School was closed on the Monday that Ariel Jeffrey Kouakou asked for his parents’ permission to walk to a friend’s house alone. It was a big ask, walking to a buddy’s by himself, something the skinny 10-year-old, with the dark hair, dark eyes, warm smile and gentle nature had never done, and a request his parents agreed to on the day their son went missing.

School was open a week later — Monday, March 19 — as a team of Montreal police divers assembled on the ice of the Rivière des Prairies. Their mission was grim: the river abuts the park where Ariel was last seen, a sighting reported to police during the early stages of the sevenday search that has gripped Montrealer­s, yielding few clues and even fewer answers as to what has become of the missing boy.

“At this point, although a week has passed, we have to keep hope of finding this boy and giving the gift of closure to the parents,” Pina Arcamone, executive director of the Missing Children’s Network, told the Montreal Gazette. “It’s unimaginab­le what they’re living.

“It really is.” Kouadio Frederic Kouakou is Ariel’s father. He is a French-speaker, as is his son. Kouakou embodies the Canadian dream: he immigrated to Montreal from Ivory Coast.
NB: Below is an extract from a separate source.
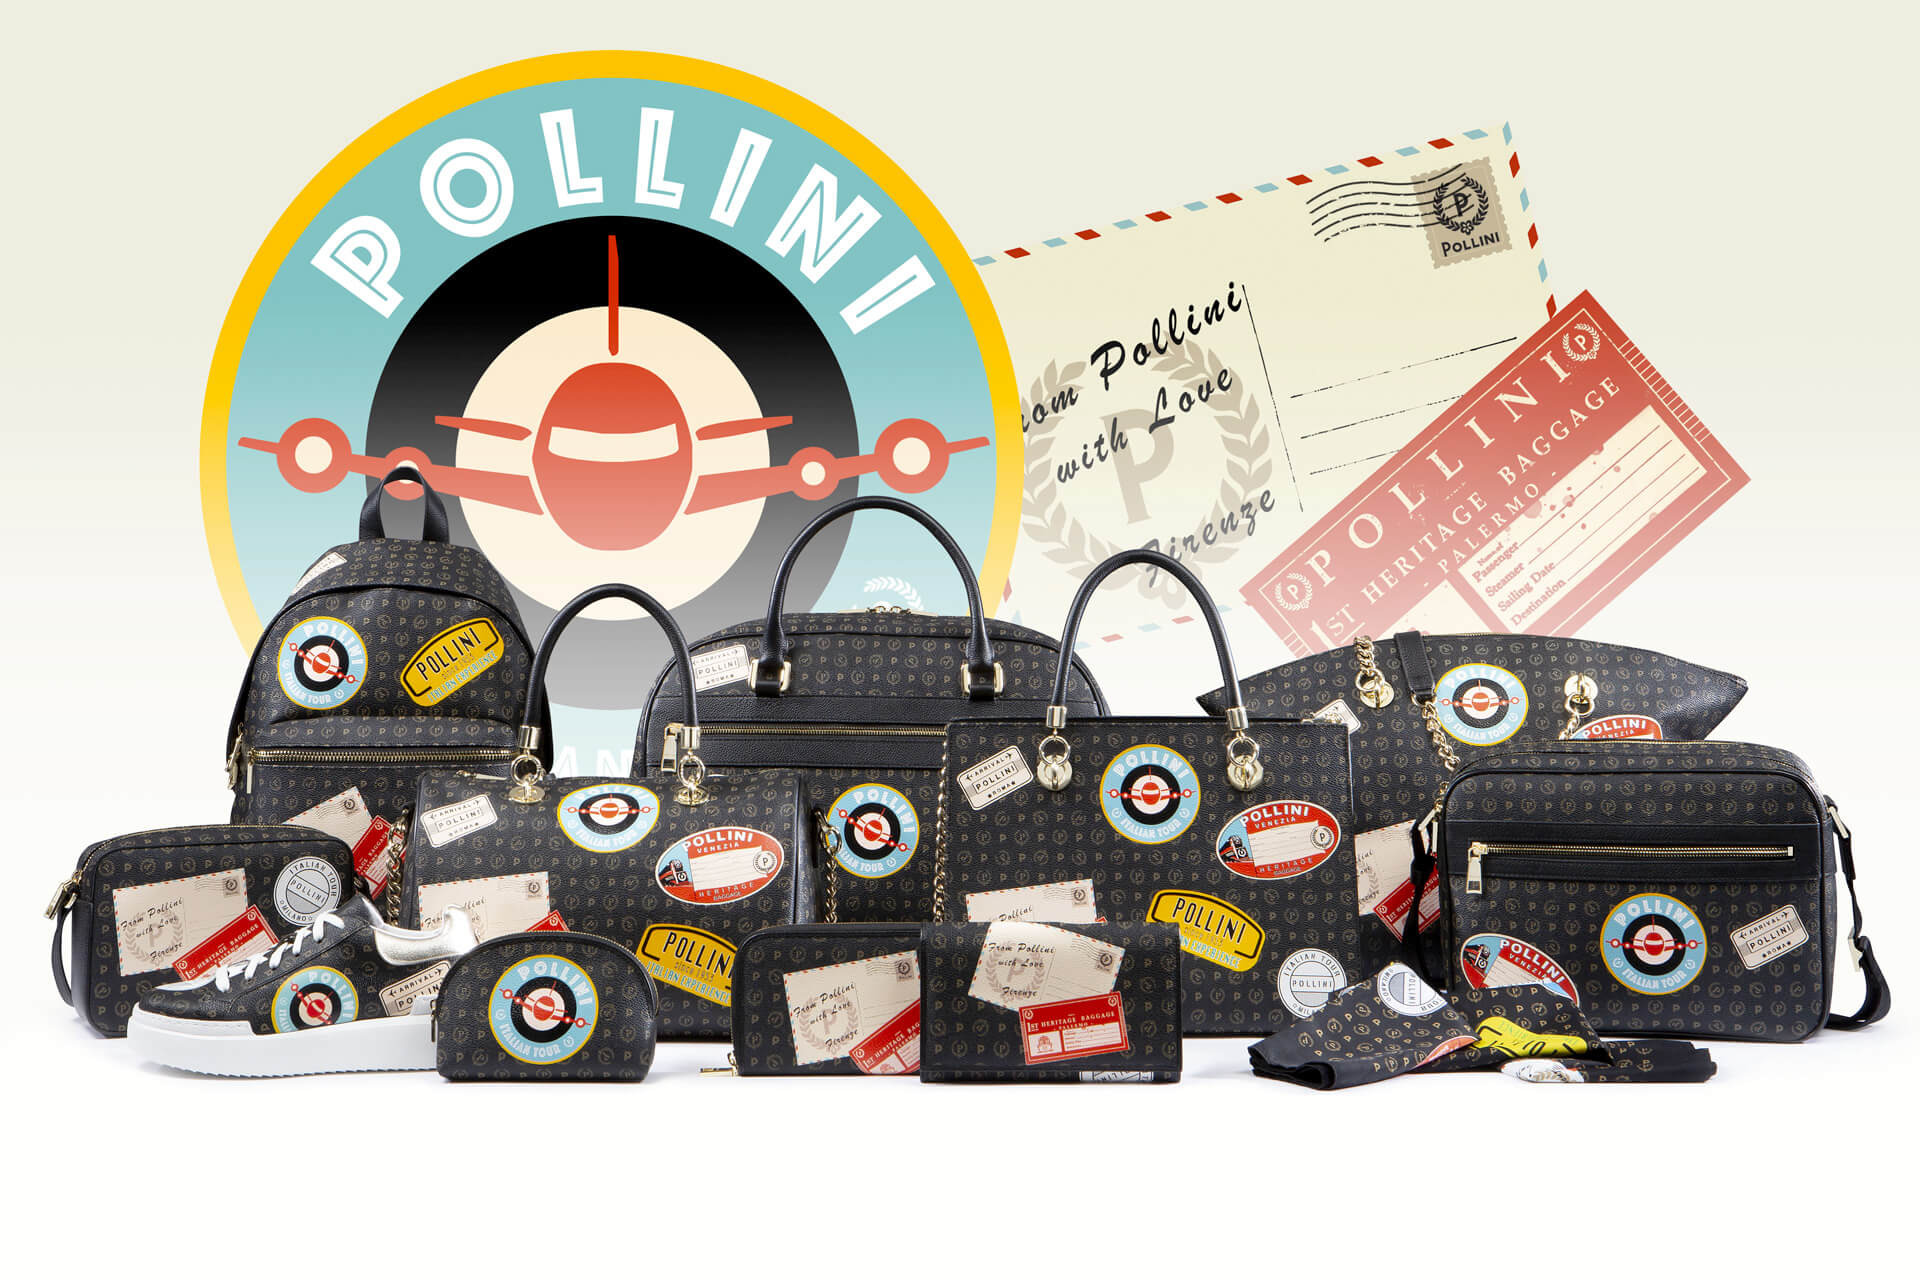 POLLINI Online Boutique
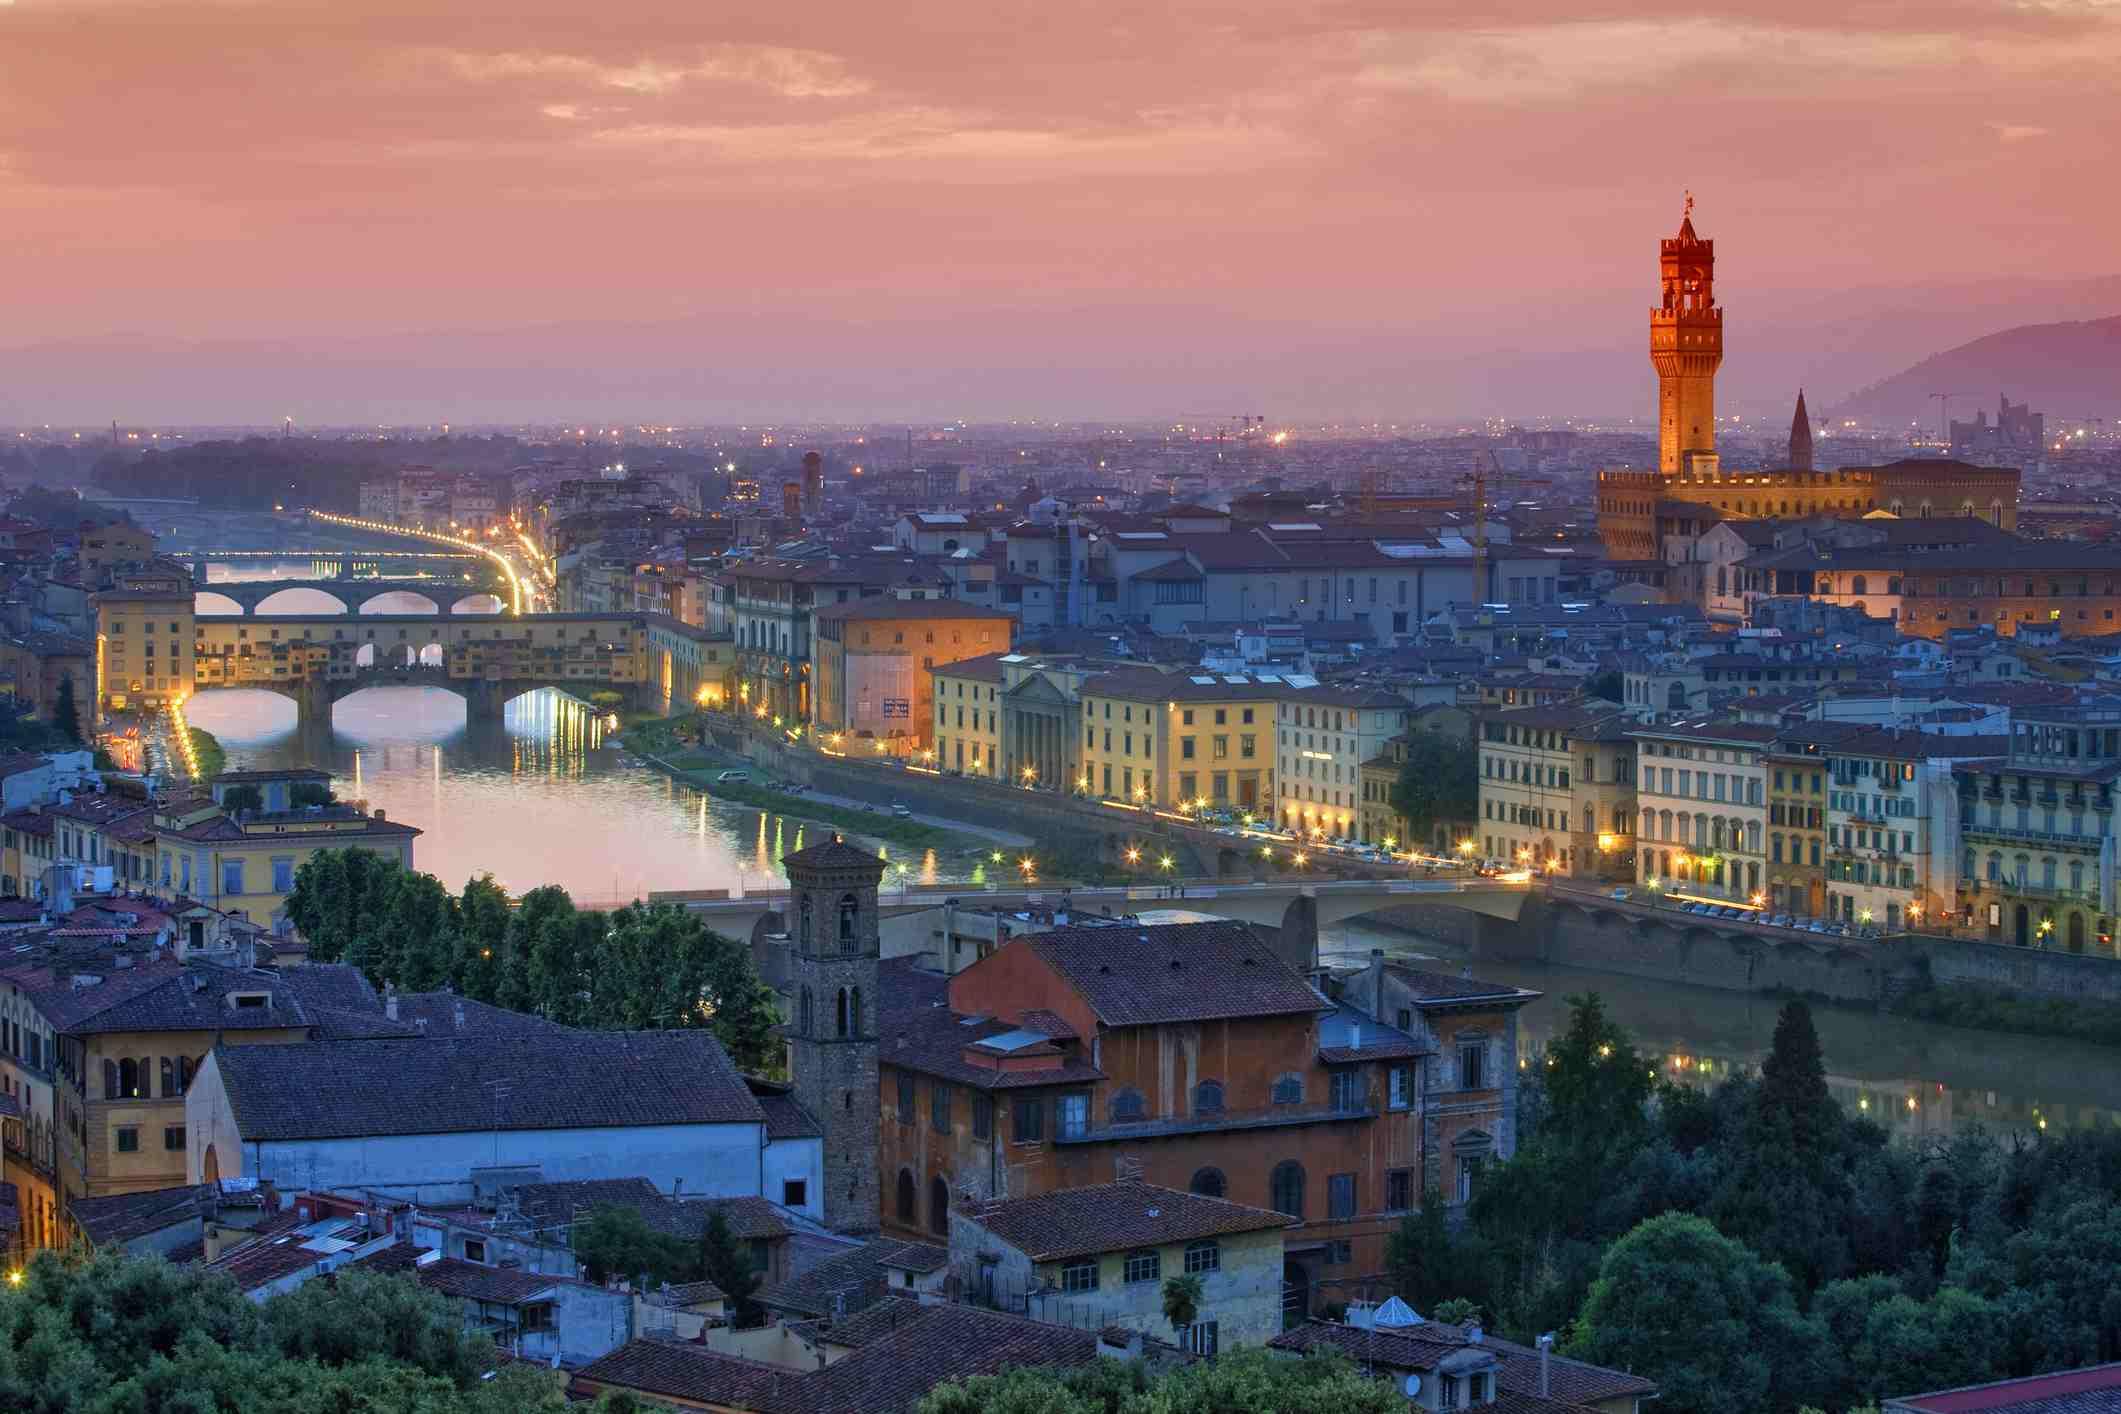 Descripción de Florencia de noche

Now he works as a teacher at a local school. He and his wife, Akouena Noella Bibie, have insisted, from the start, that Ariel was kidnapped. Ariel, his father has said, loved soccer, not swimming. And he knew well enough not to venture too close to a fast rushing river, with its deadly currents and its thin ice.

“From the beginning, I have said that he was taken, that it was a kidnapping,” Kouadio Frederic Kouakou told TVA Saturday. “My appeal is for compassion from the kidnappers. I pardon them, as does my wife.

“All we are asking is for them to bring our child back safely.”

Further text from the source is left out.